Task item
Provide again, from the entries below, every line from the one containing "Bourjois La Laque" through the one containing "Bílo-černé vzorované šaty", exactly as written, and no other line.

Extracted information
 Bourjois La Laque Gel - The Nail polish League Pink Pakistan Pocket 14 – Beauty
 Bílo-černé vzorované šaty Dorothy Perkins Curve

...

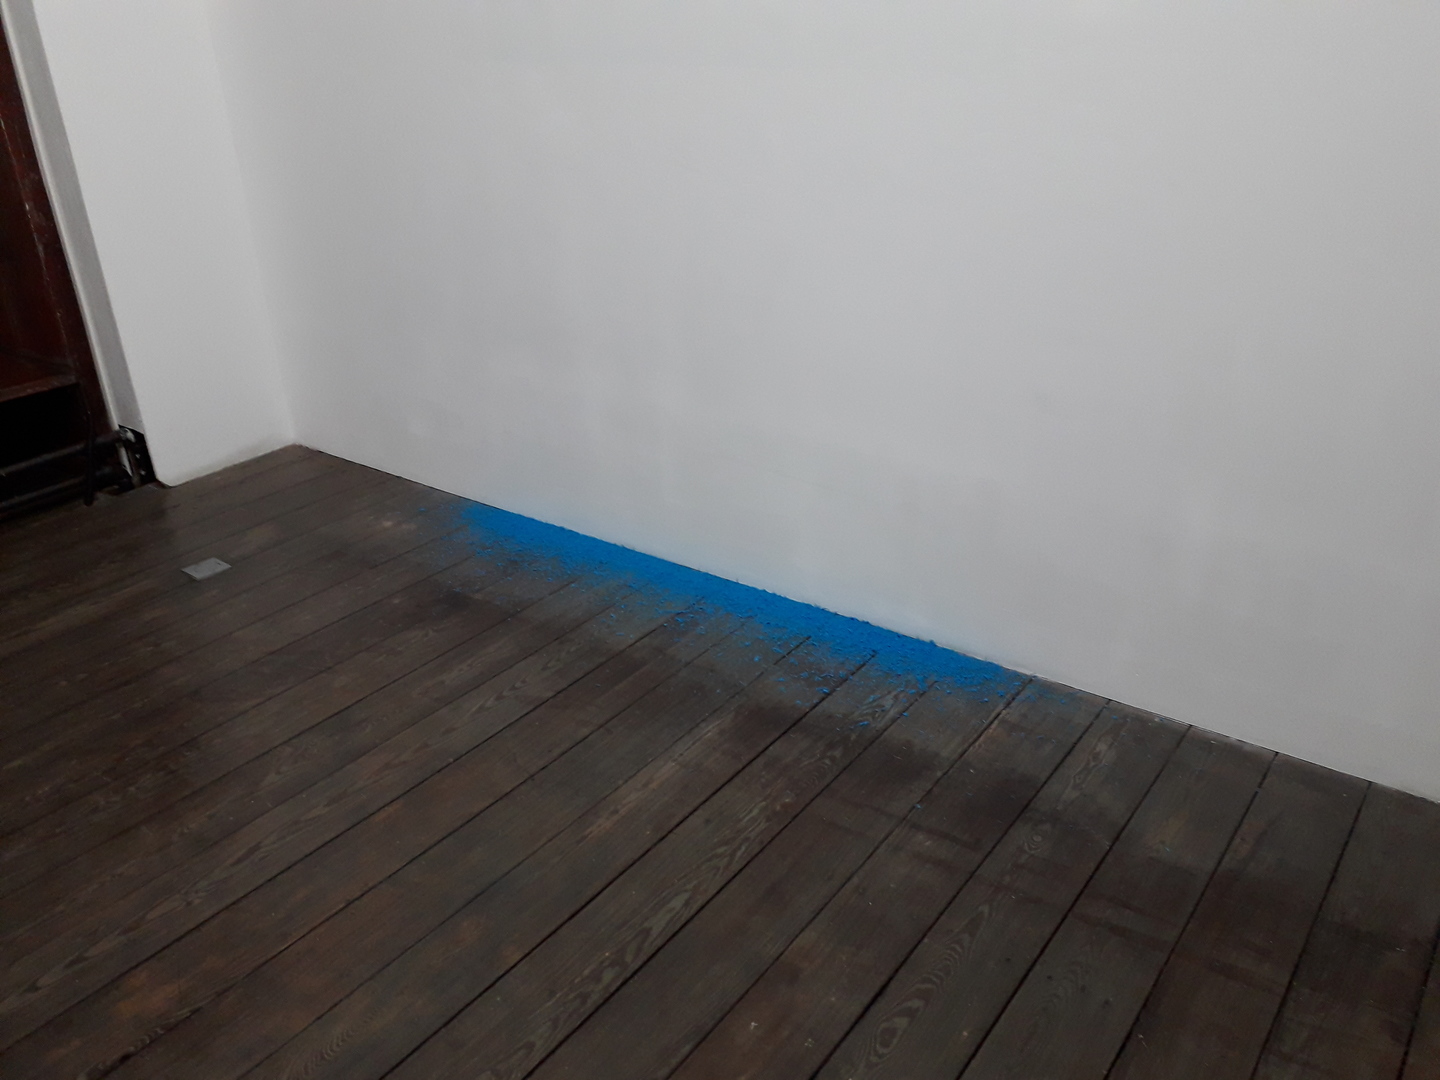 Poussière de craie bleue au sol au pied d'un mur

Answer section
 Bourjois La Laque Gel - The Nail polish League Pink Pakistan Pocket 14 – Beauty
 Bílo-černé vzorované šaty Dorothy Perkins Curve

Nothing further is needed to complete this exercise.